* **PROBLEM TO WORK ON**: Reproduce all the lines below exactly and omit the images.

* **COLLECTED MATERIAL**:
★ ★ ★ ★ ★ ★ ★

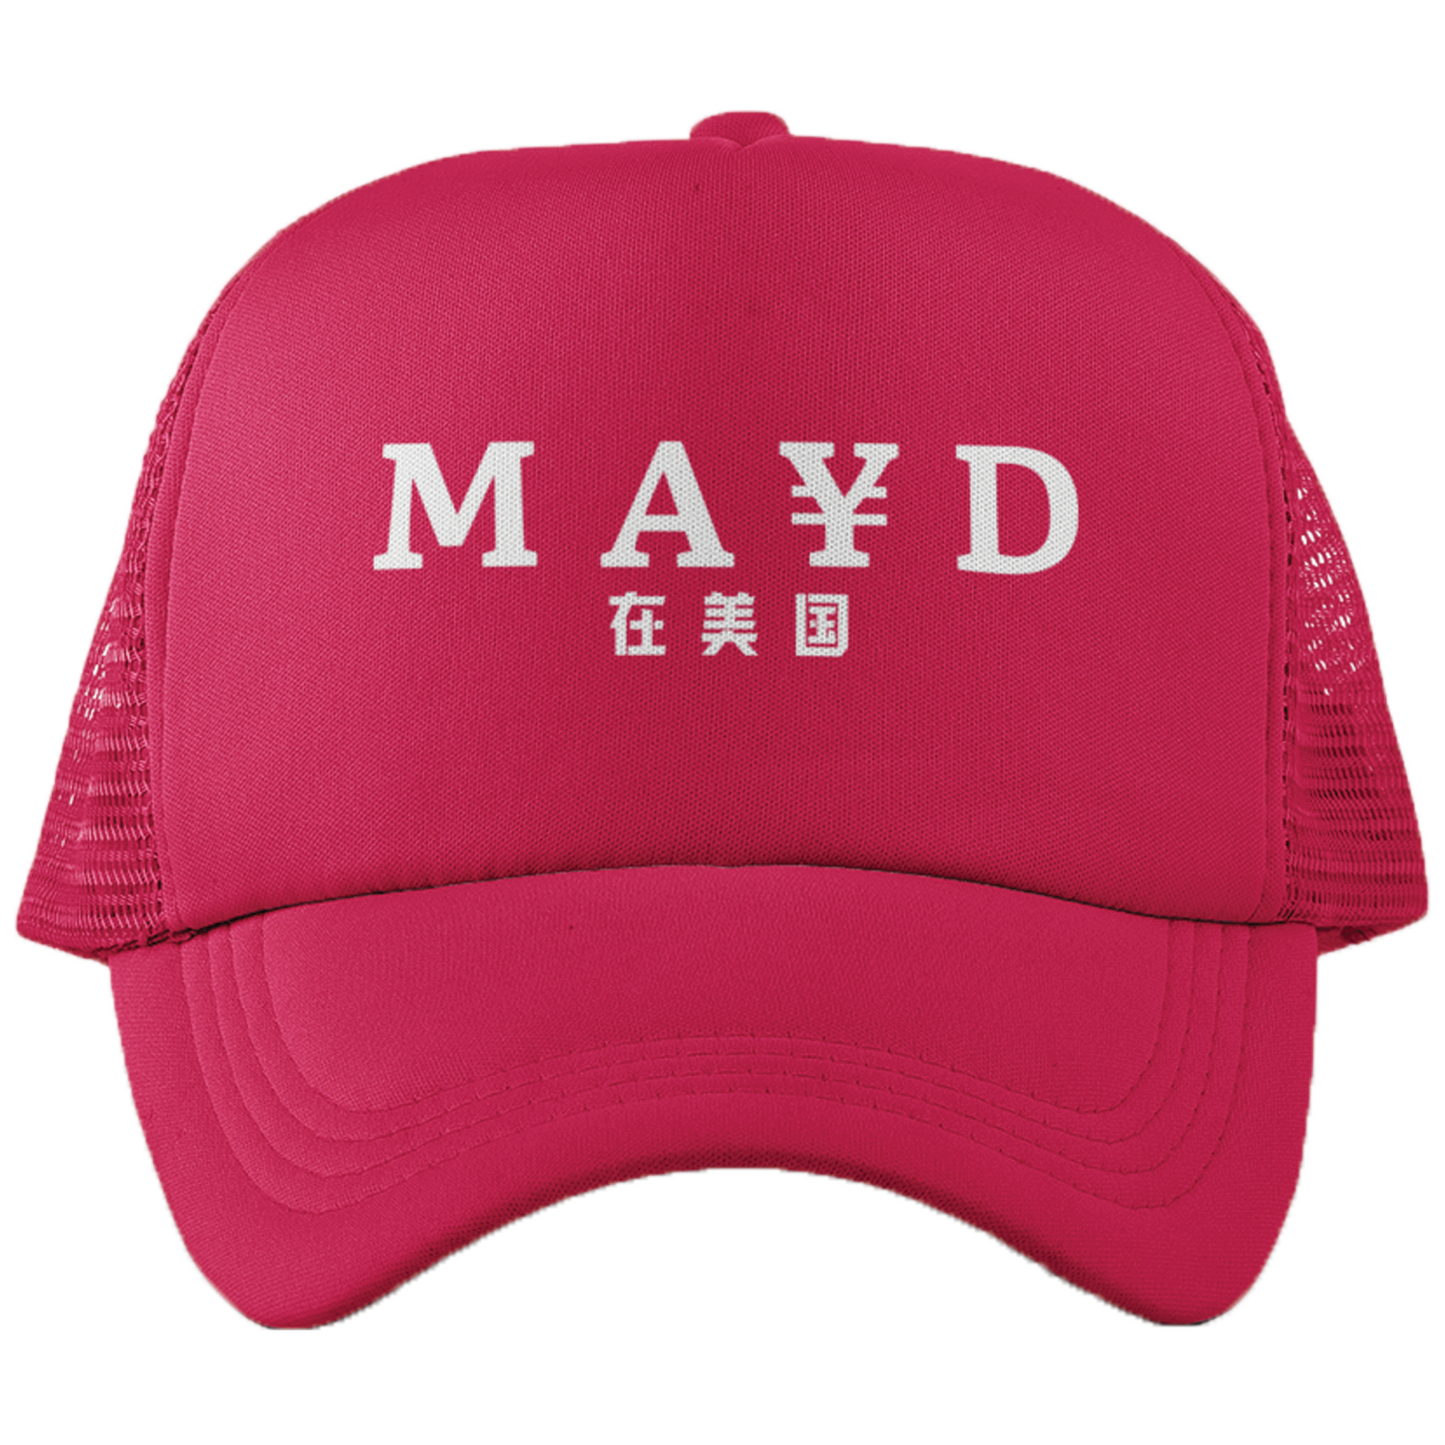 MAYD in America Trucker Hat
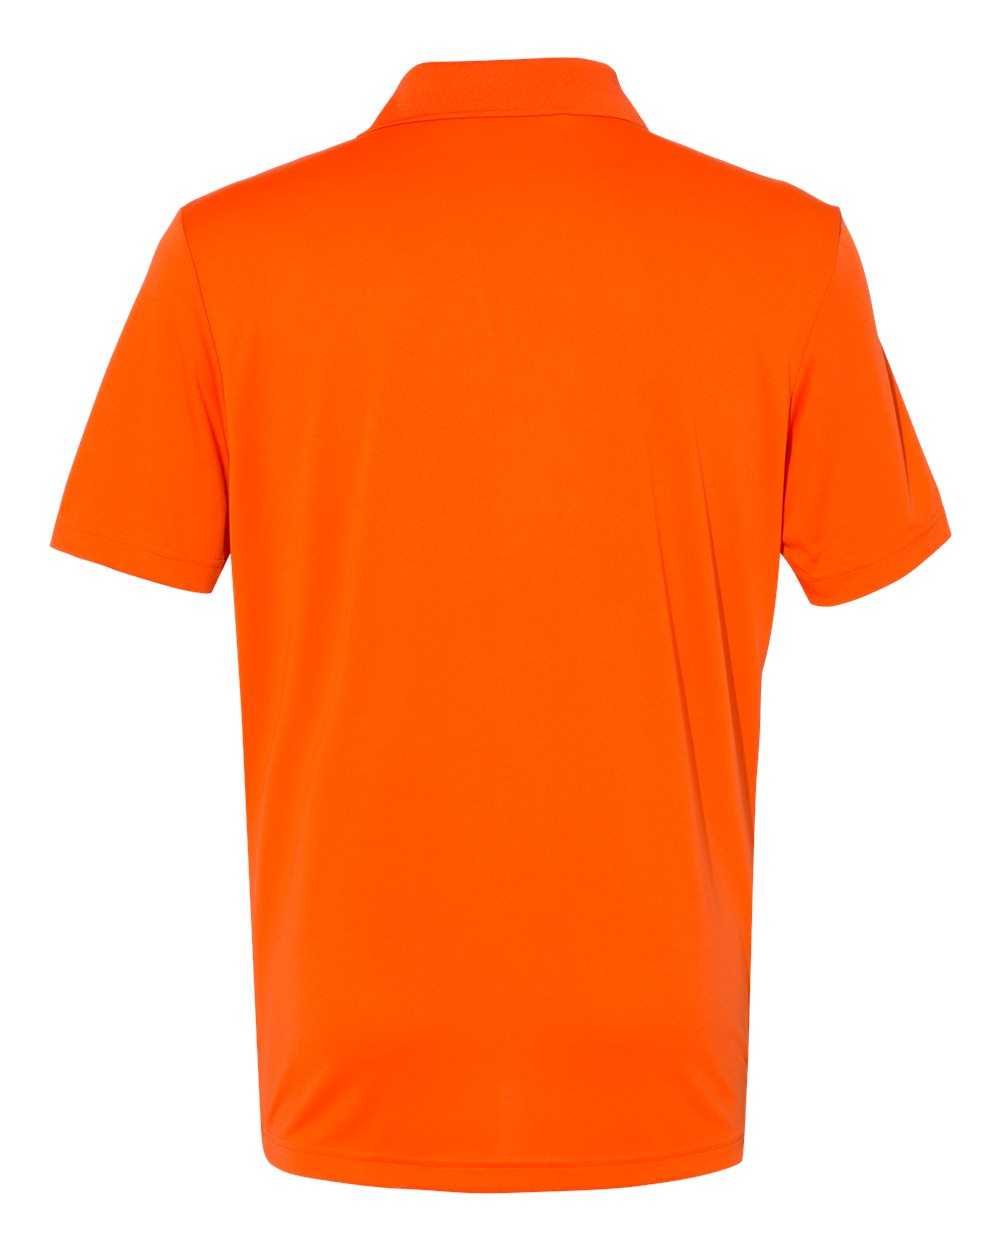 Adidas A230 Performance Sport Shirt - Orange - HIT a Double
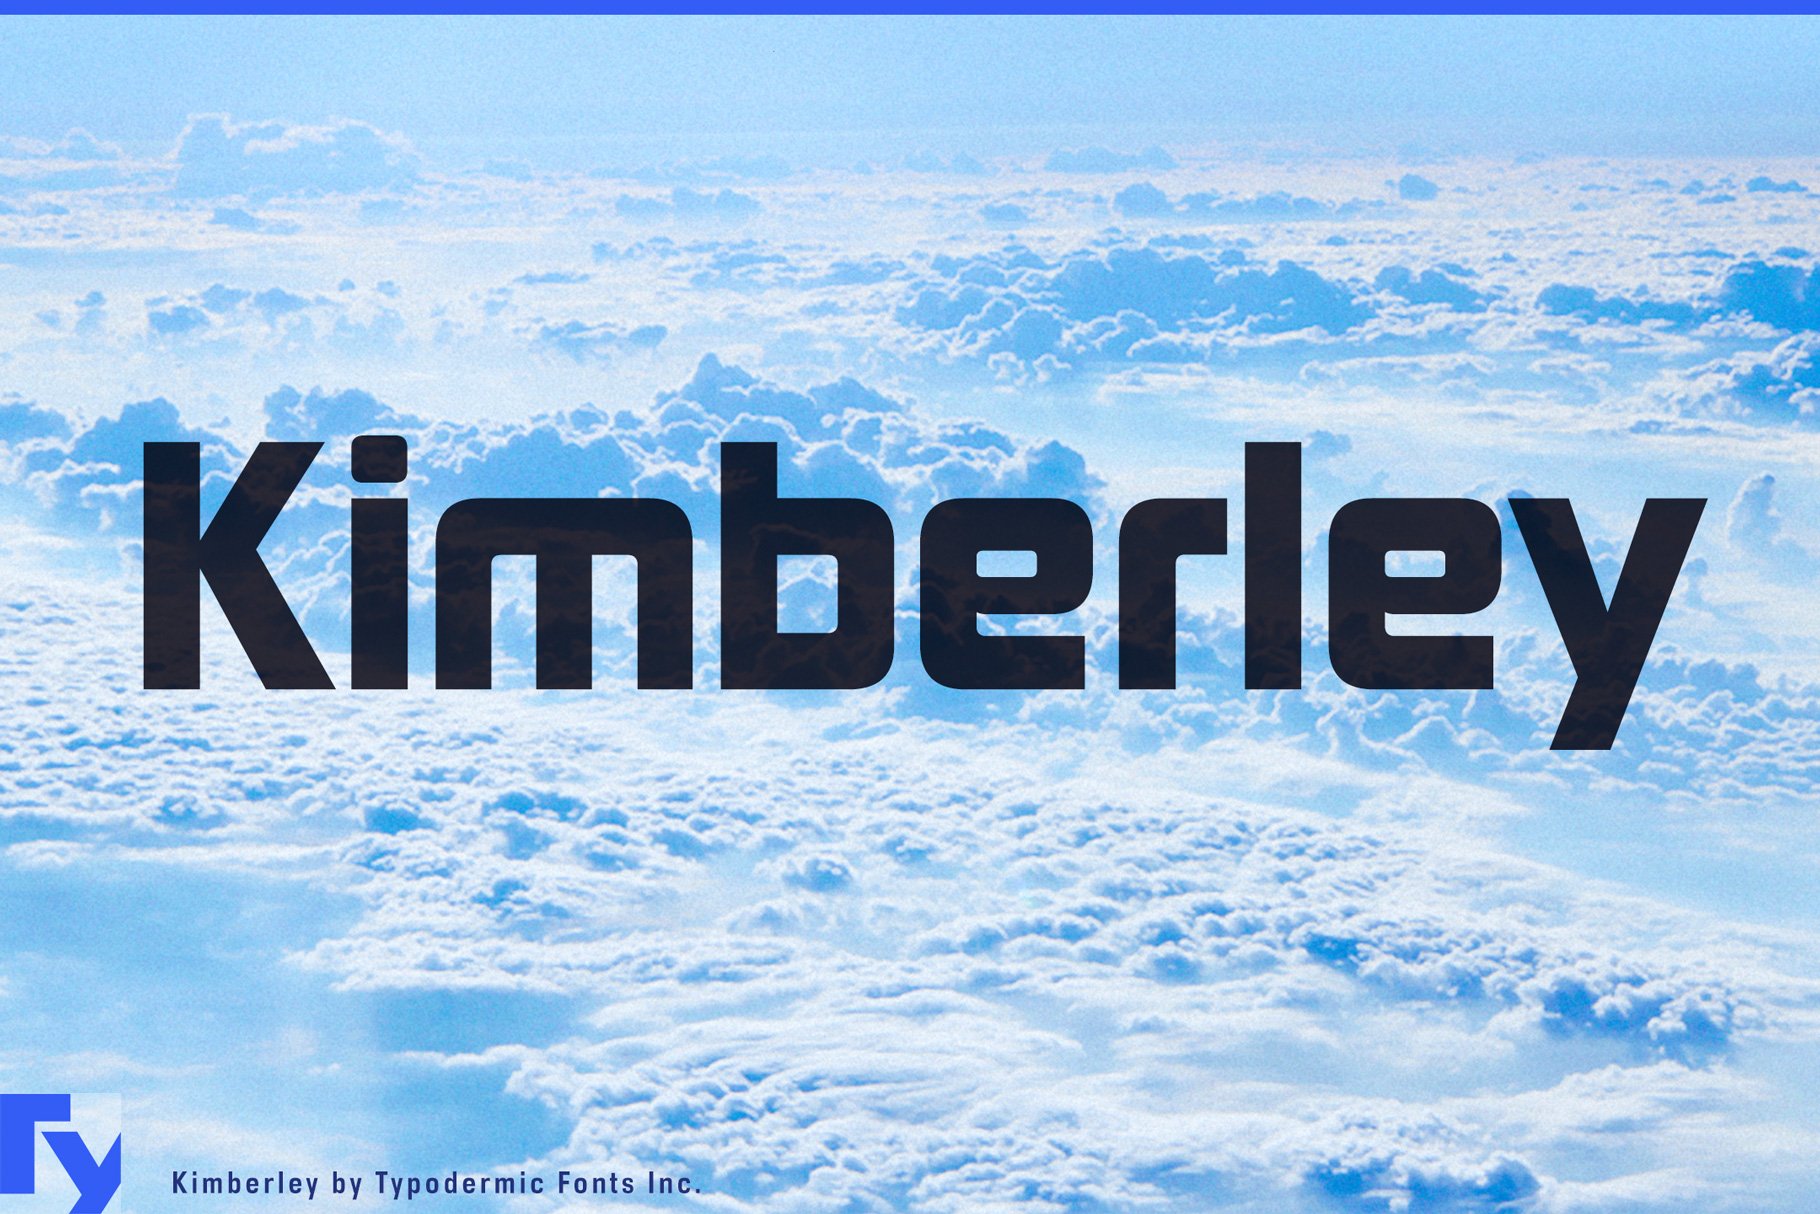 Kimberley cover image.

★ ★ ★ ★ ★ ★ ★

* **COMPLETED TASK**:
 MAYD in America Trucker Hat
 Adidas A230 Performance Sport Shirt - Orange - HIT a Double
 Kimberley cover image.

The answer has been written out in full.